For moderate voters in other parts of the country — and for Democratic primary voters who worry about how those moderates might vote — Newsom is saddled with the same baggage other California politicians have carried: a caricature of an out-of-touch state used reliably for years by Republicans, including in this election cycle, to drag down candidates who have even a hint of an affiliation with San Francisco or Hollywood.

In Nevada, a political action committee working to lift Republicans has run TV ads warning voters that their state had been “Newsomed” with liberal policies. On the sidelines of the festival in Austin, Asa Hutchinson, the Republican governor of Arkansas who is considering running for president in 2024, told me that “everywhere Newsom goes and makes his case, it makes the Republican message stronger.”

Given how much more liberal California is than the rest of the country, Ashford said, “I think it would be hard for anyone from California to win.”

She added, “Even Kamala couldn’t make it to Iowa.”

Newsom might never make it there, either. Garry South, a Democratic strategist who advised Newsom in the run-up to the 2010 campaign, said, “I know the guy pretty well, and I’ve just never been struck by the notion that the be all and end all of him getting into politics was running for president of the United States.”

South said, “I think that like a lot of us Democrats, he’s really ticked off that a lot of national Democrats have not jumped on these things Republicans are doing. We have an opposition party here that is basically trying to foist fascism on the United States of America.”

To Newsom, and with Democrats currently in power in Washington, the most potent source of that opposition is coming primarily from Republican-led states like Florida and Texas, and amplified by right-wing media.

“They’re winning at that level,” he said. “And that’s the level we need to focus more on.

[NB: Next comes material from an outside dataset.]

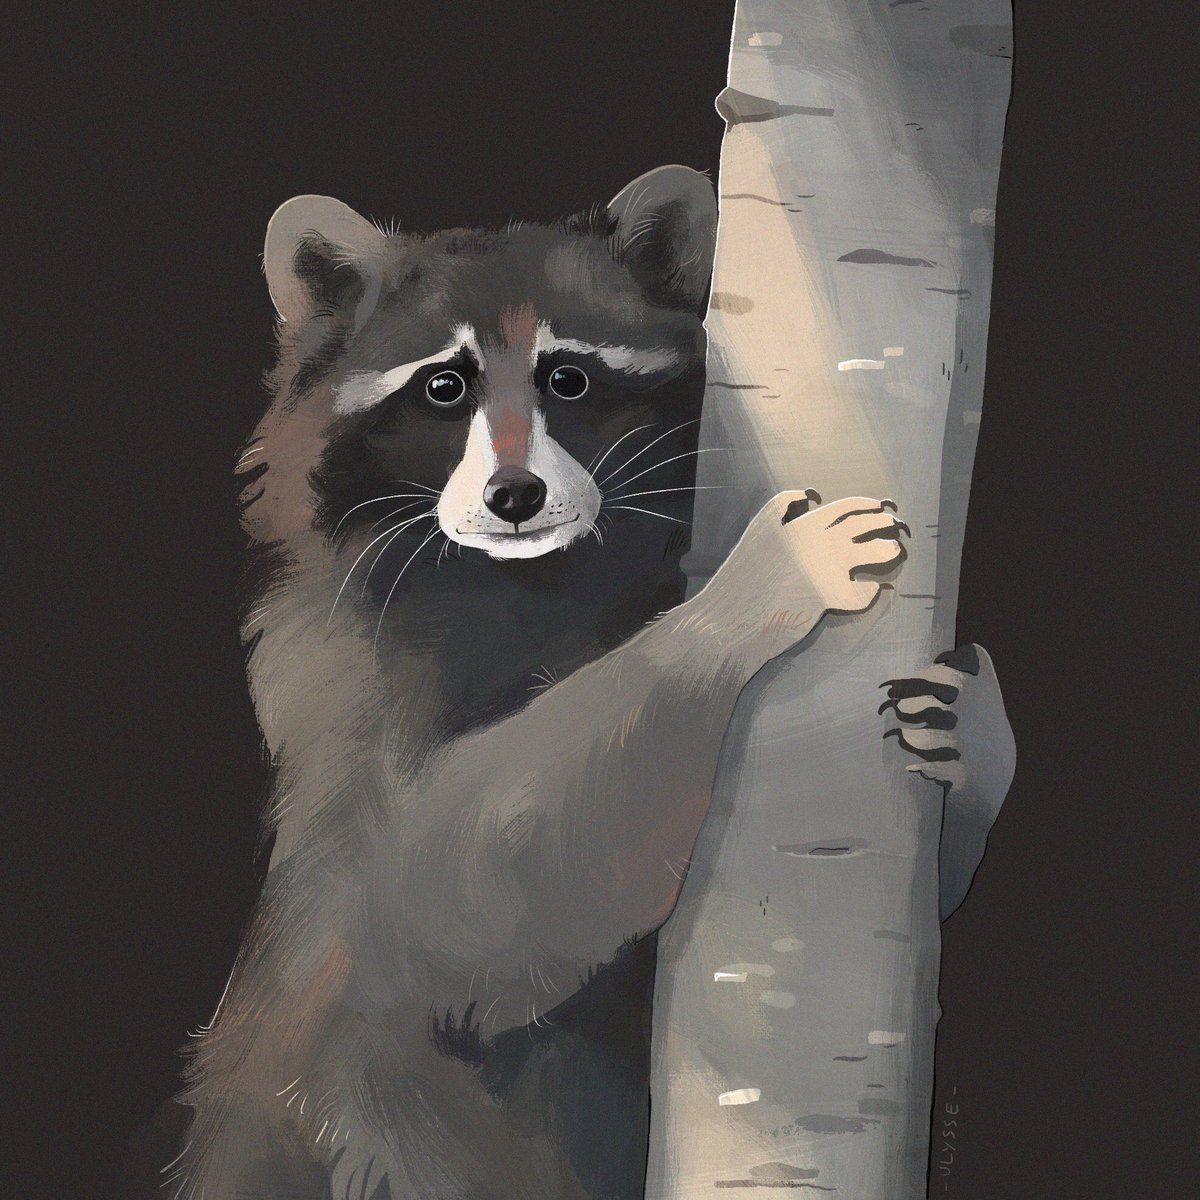 Raccoon.  #study #art #digitalpaintingpic.twitter.com/ICefKpxr54

Less of, ‘Is Kevin McCarthy going to be the next speaker and who’s up and who’s down in 2024?’ That’s not American politics. American politics is state by state, county by county.”

Newsom was preparing to attend a fundraiser before flying home the next morning to California. I asked if he would have any interest in 2028, especially if Harris wasn’t running. He shook his head.



“I’m a 960 SAT kid, just wrote a book about my dyslexia,” Newsom said. “The fact that I’m governor of the state of California, I pinch myself. I mean it. … I didn’t shake the hand of JFK and all of a sudden go, ‘That’s what my destiny is.’”


Of the kind of “extreme and extraordinary things” that might change that some day, he told me, “Not only is that unlikely, it’s unworthy of my time and attention.”

What is worthwhile, he said, “is how we can wake people up to focus on this moment in time and to get people’s attention on what the hell is happening to the rights revolution and how it’s being rolled back in real time.”